Only the stretch below from the line holding "Motorola XTSTM 1500" through the line holding "Crazy pancake lady" should be restated, word for word and with both ends included; pictures stay out.

##### Dataset extract

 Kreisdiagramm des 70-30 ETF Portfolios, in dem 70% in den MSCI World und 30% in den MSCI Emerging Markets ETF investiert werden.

##########
##### Dataset extract

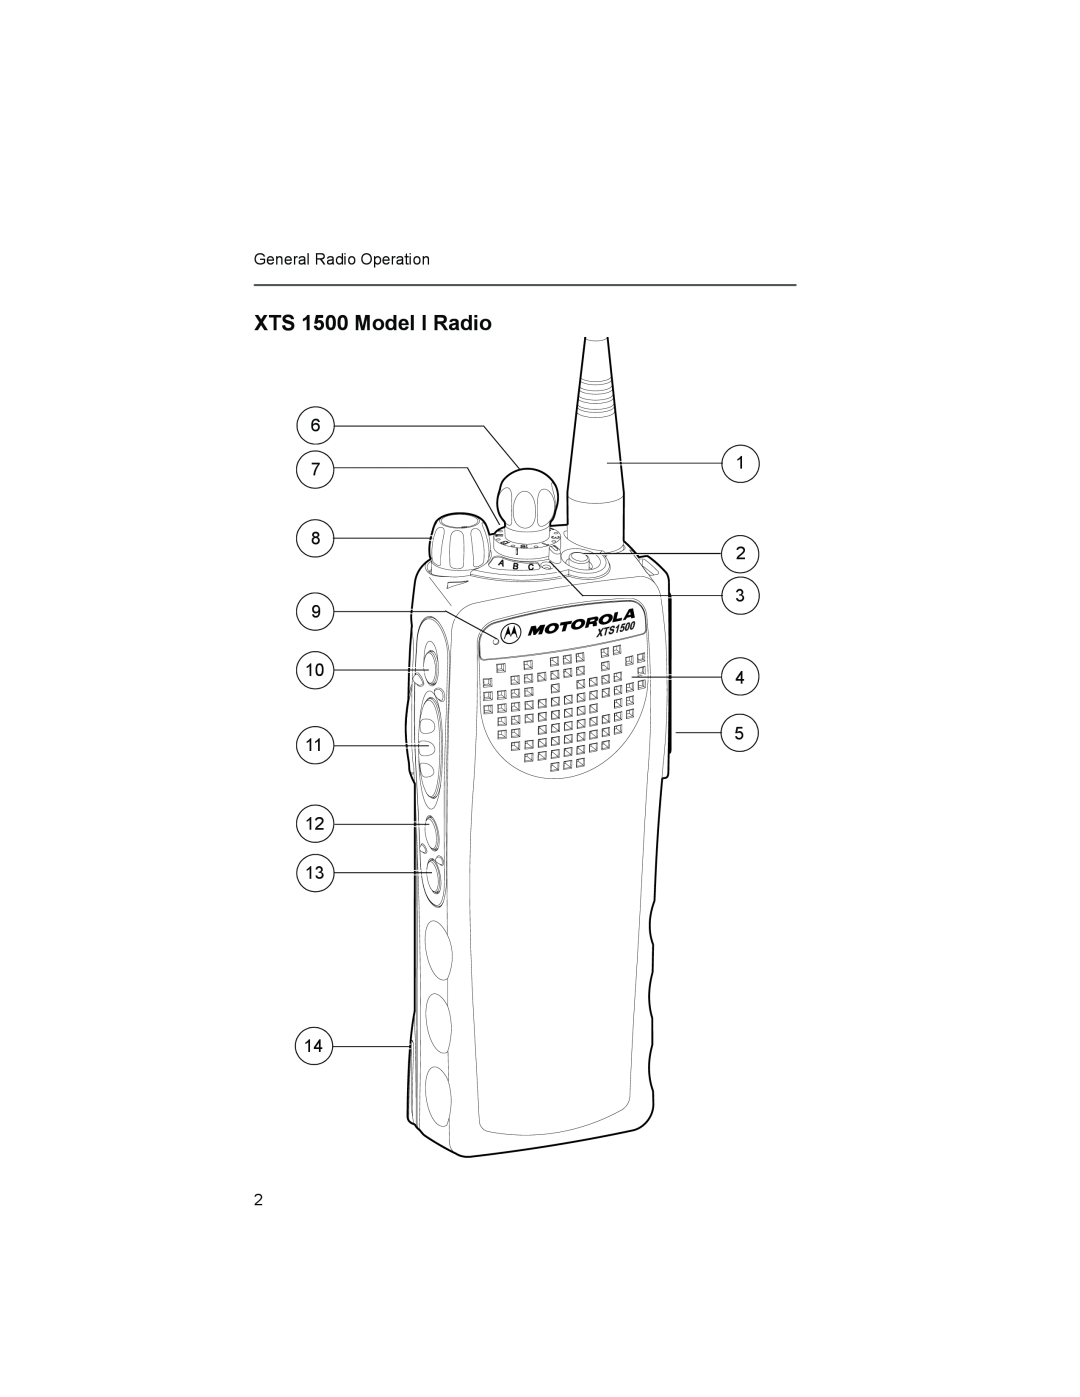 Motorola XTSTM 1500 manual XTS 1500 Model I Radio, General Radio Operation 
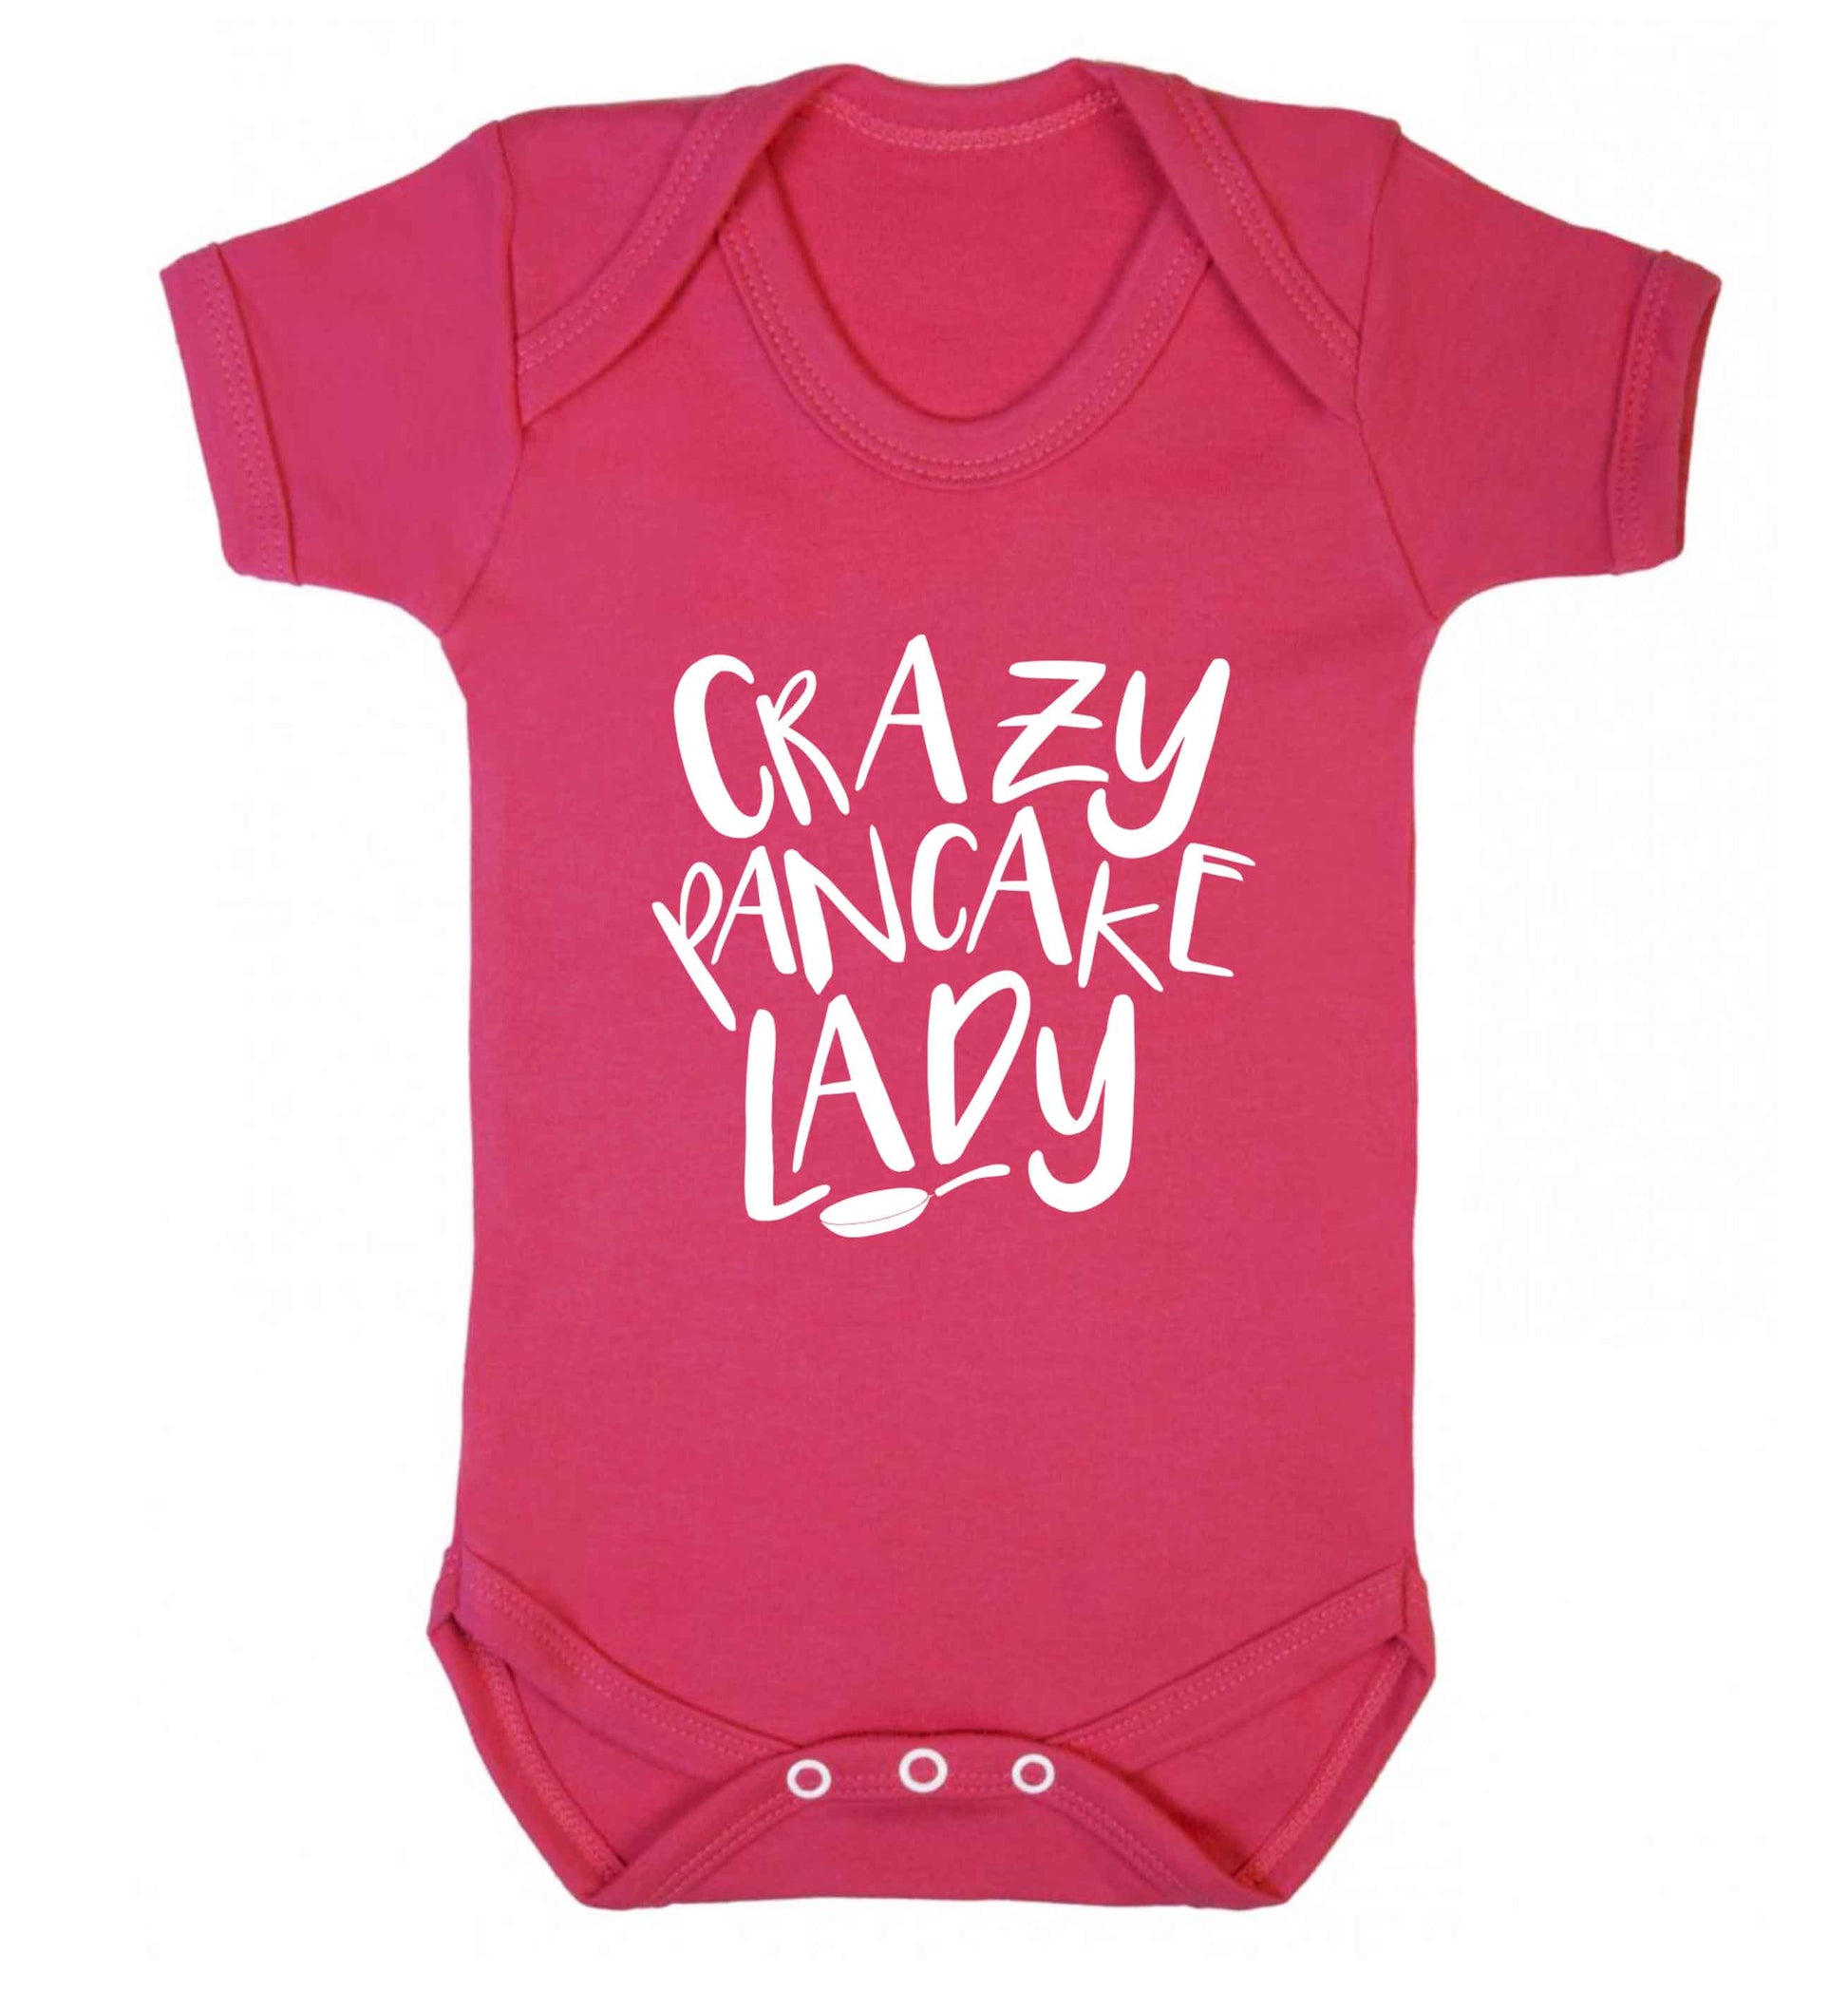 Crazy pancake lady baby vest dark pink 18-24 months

##########

- [Exercise result]
 Motorola XTSTM 1500 manual XTS 1500 Model I Radio, General Radio Operation 
 Crazy pancake lady baby vest dark pink 18-24 months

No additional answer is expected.